The structure is therefore self-conscious and self-aware, with Eli required to submit to Grace’s framing of events. Occasionally, they step outside the action to interrogate plot and character – and at one point Eli rebels against his own depiction – but the power dynamic remains clear: Grace has the final say.

Caplan’s interest lies in that tension between authorship and experience. The looping structure allows for repeated meet-cutes and small variations on emotional beats, mimicking the obsessive analysis of a relationship.

When the pair sit down to watch Eternal Sunshine of the Spotless Mind, they are repaying a hefty debt to Charlie Kaufman, king of self-referential storytelling.

At its best, this is sharp and recognisable: the awkward silences, the unsaid meanings, the circular conversations. But the same structure also proves limiting. The self-awareness occasionally tips into overworking, and the repetition can feel indulgent.
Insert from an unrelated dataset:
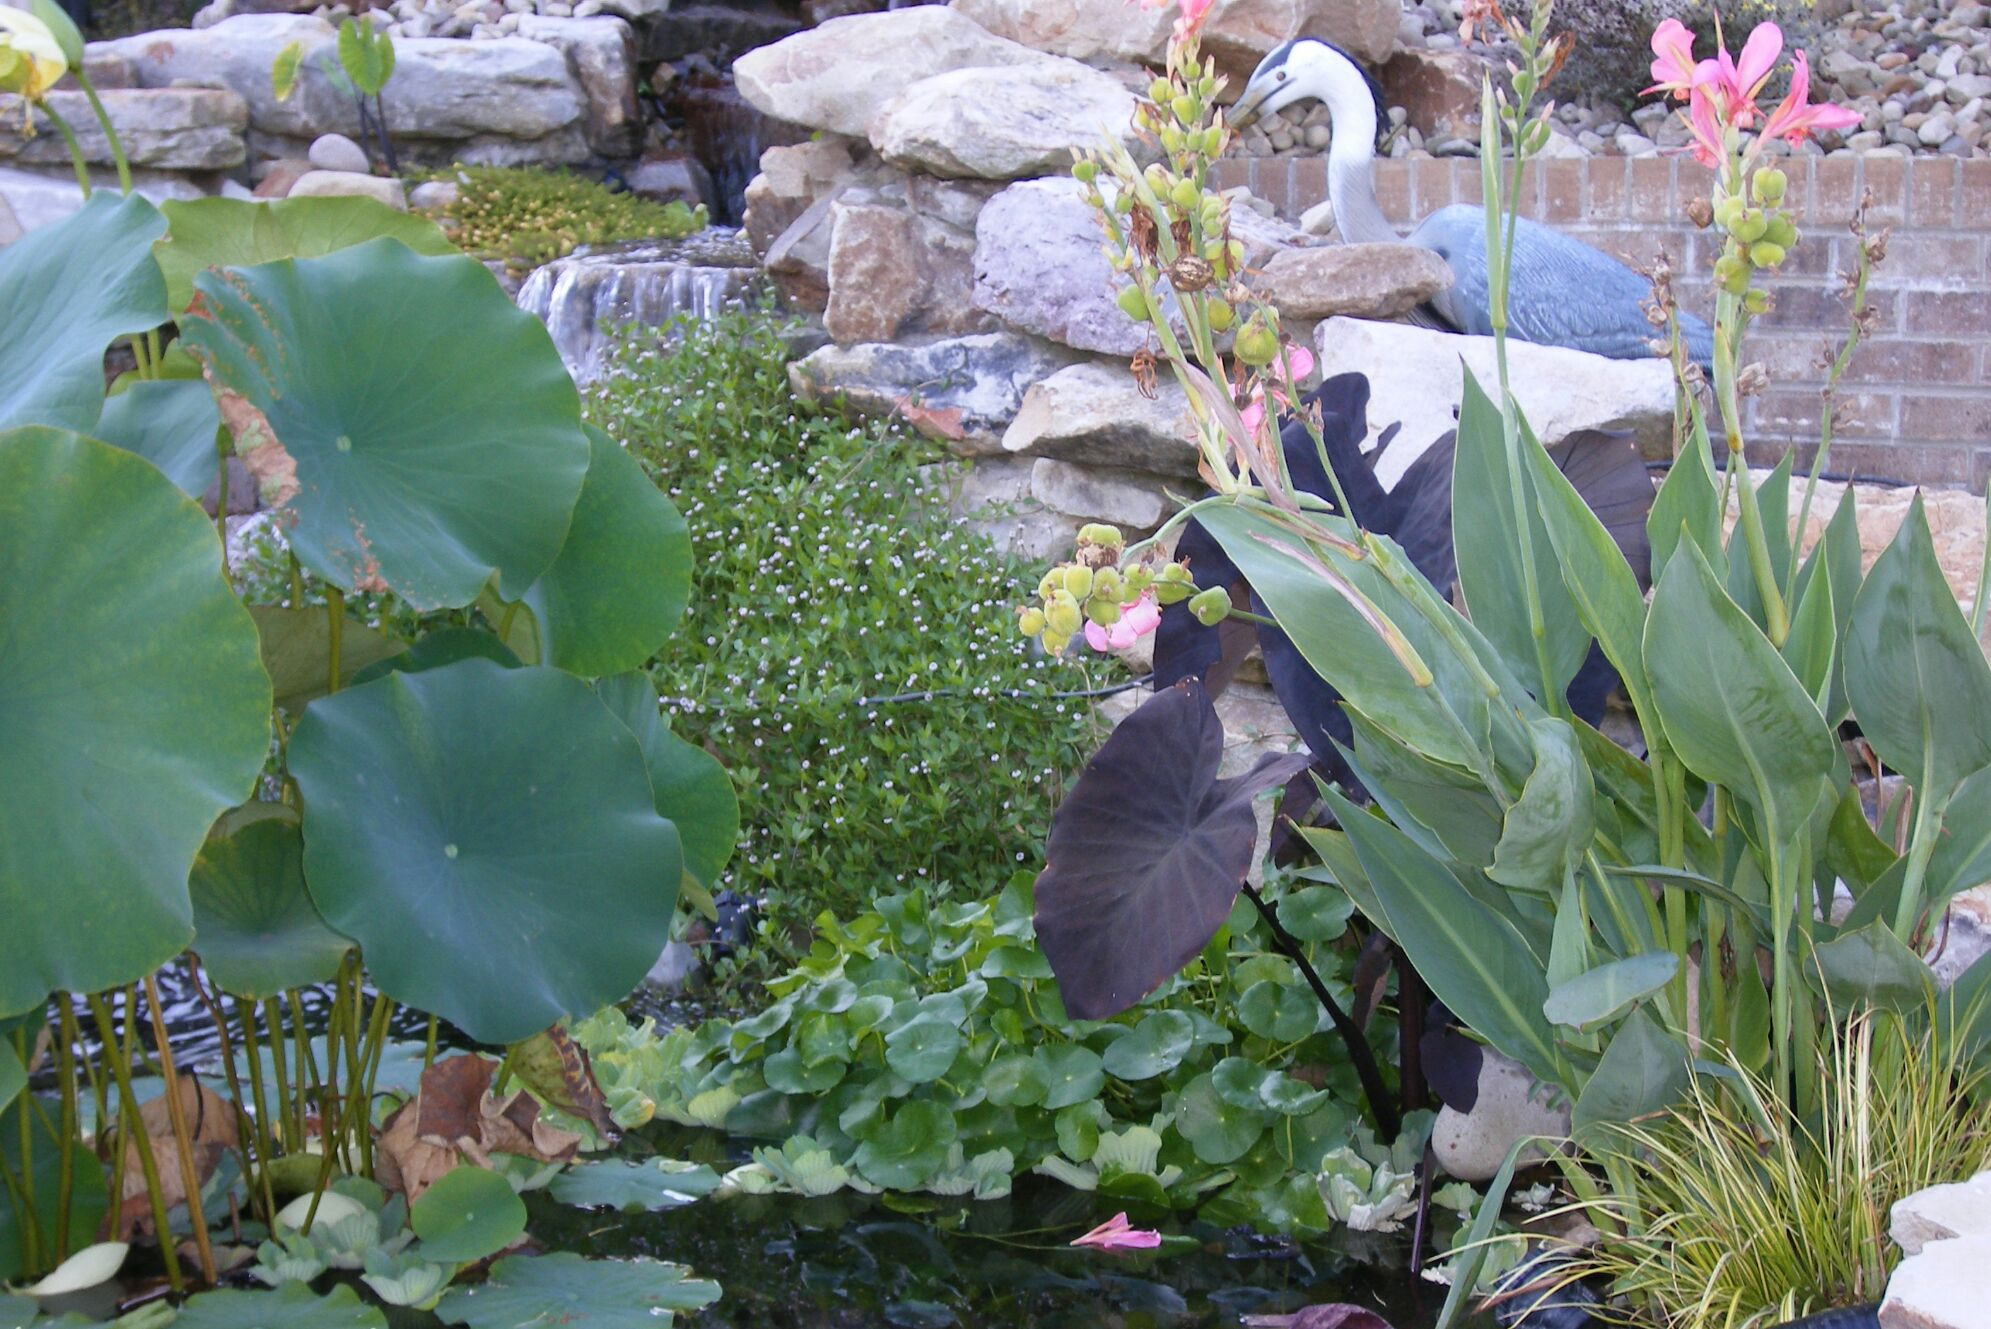 Pond Plants - cover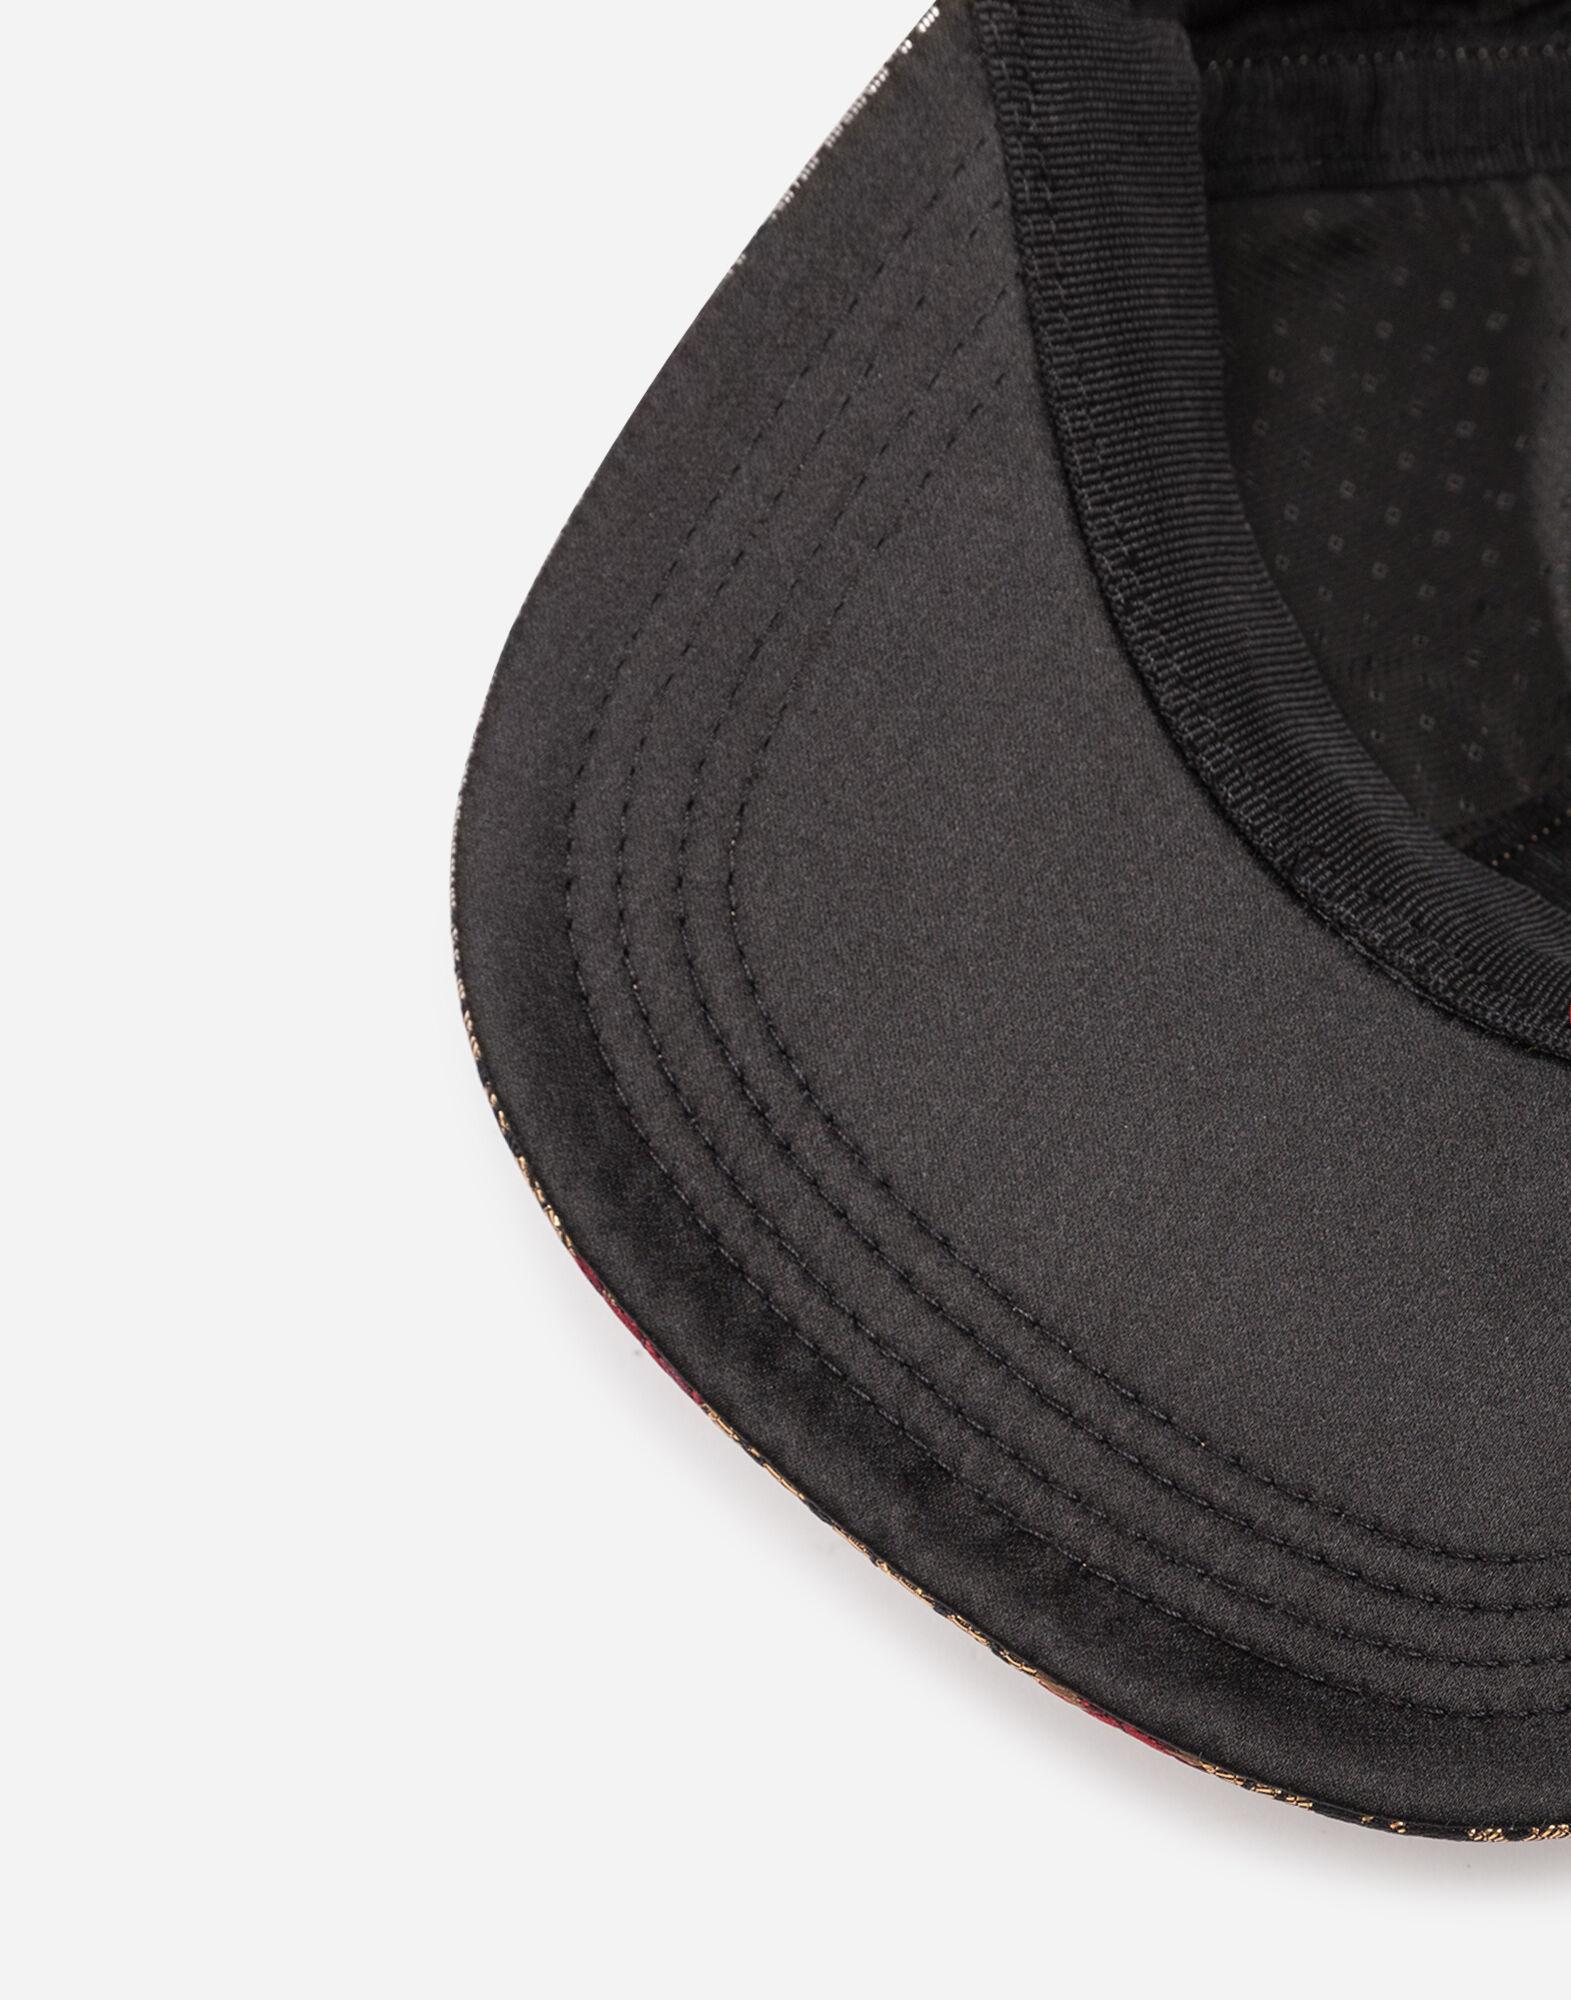 BASEBALL CAP IN JACQUARD

Douglas Clarke-Wood’s sinuous direction does much to smooth this out, keeping the action fluid and visually engaging. The easy chemistry between the leads also helps. Amaia Naima Aguinaga’s Grace is fierce, funny and quietly unravelled, while Francis Nunnery’s Eli is baffled, outmanoeuvred and entirely without malice.

In their stillest moments – sitting side by side, exchanging small smiles and shoulder bumps – the play finds its most affecting register.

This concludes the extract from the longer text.